Sukhoi planned to manufacture at least 700 Superjet-100s, and intended to sell 35% of them to North America, 25% to Europe, 10% to Latin America, and 7% to Russia and China. By mid-2008 the had so far secured at least 100 firm orders for the aircraft. The list price of the 95-seat base model was $28 million, but the company is working on both smaller and larger capacity modifications. The market for the Superjet-100 is estimated at around $100 billion for around 5,500 planes up to 2023.

First commercial Sukhoi Superjet 100 (SSJ100) SN 95007 designed for Armenian Armavia airlines made its maiden flight, Sukhoi Civil Aircraft company said 04 November 2010. "During the flight, a crew carried out functional test of aircraft systems and equipment, engine, confirmed flight characteristics of the aircraft in an operational range," the company said adding that the aircraft is expected to arrive in Moscow soon, where in accordance with aviation regulations, its performance on typical routes will be tested.

Armenias Armavia was the first airline to start commercial operations with the SSJ-100 in April 2011. Russian government officials were flown to the St Petersburg Economic Forum on 16 June 2011 in Aeroflot's brand new Sukhoi SuperJet 100 aircraft plane. Deputy Prime Minsiter Sergei Ivanov, Economic Development Minister Elvira Nabiullina, Deputy Transport Minister Valery Okulov, as well as Aeroflot and Sukhoi top management, became the first passengers to fly in Russia's newest aircraft.

The SSJ-100 had a series of accidents. The biggest one was in May 2012, when an SSJ-100 crashed into a mountain south of Jakarta while performing a demonstration flight in Indonesia with 45 people aboard. No one survived the crash.

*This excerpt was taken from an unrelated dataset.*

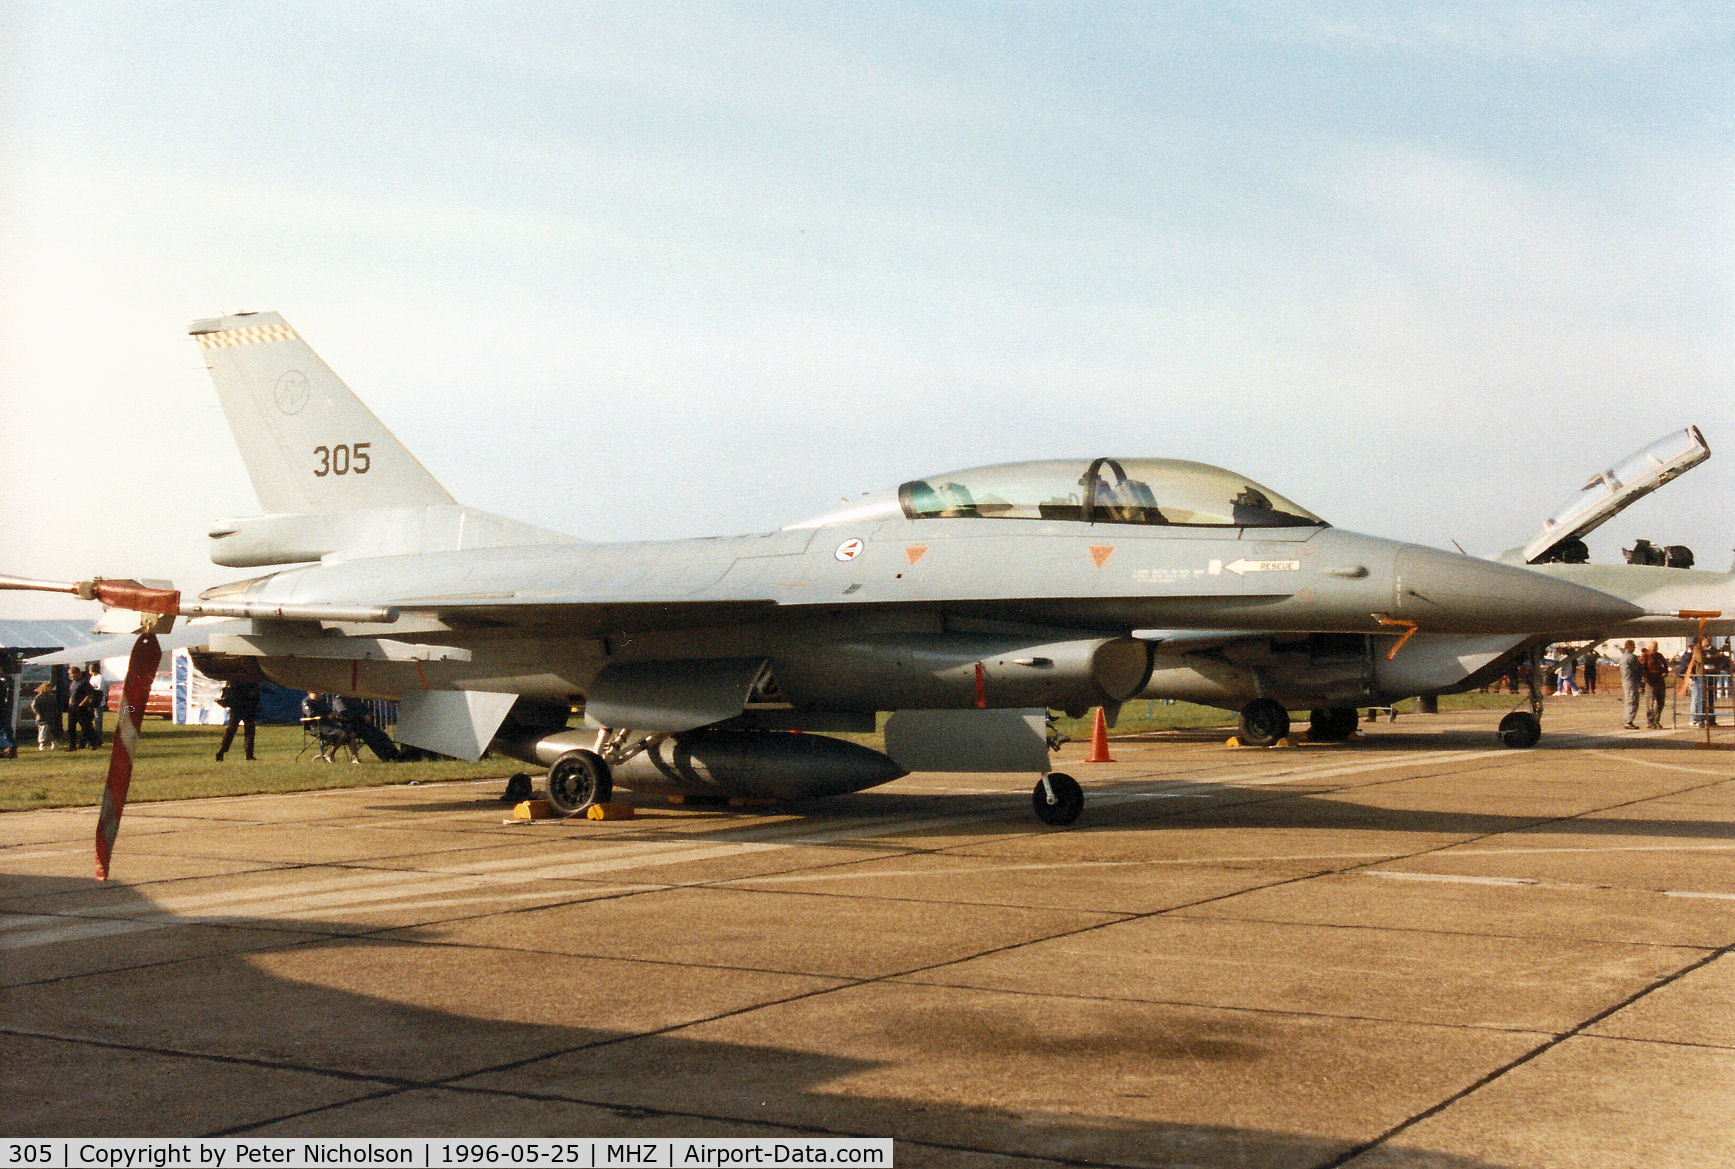 305, General Dynamics F-16BM Fighting Falcon C/N 6L-5, F-16 Falcon of 332 Skv Royal Norwegian Air Force before Mid-Life Update on display at the 1996 RAF Mildenhall Air Fete.

Sukhoi Civil Aircraft Co., the UTair airline and VEB Leasing signed a contract on 27 August 2012 for the delivery of six Sukhoi Superjet-100LR planes worth $217.2 million. Deliveries of the 103-seat planes would start in 2014. The three companies previously signed a preliminary agreement for the delivery of 24 Superjets as the first stage of the implementation of a leasing agreement signed prior to that. UTair is planning to operate the planes both on domestic flights (western Siberia and European Russia) and on flights to Europe.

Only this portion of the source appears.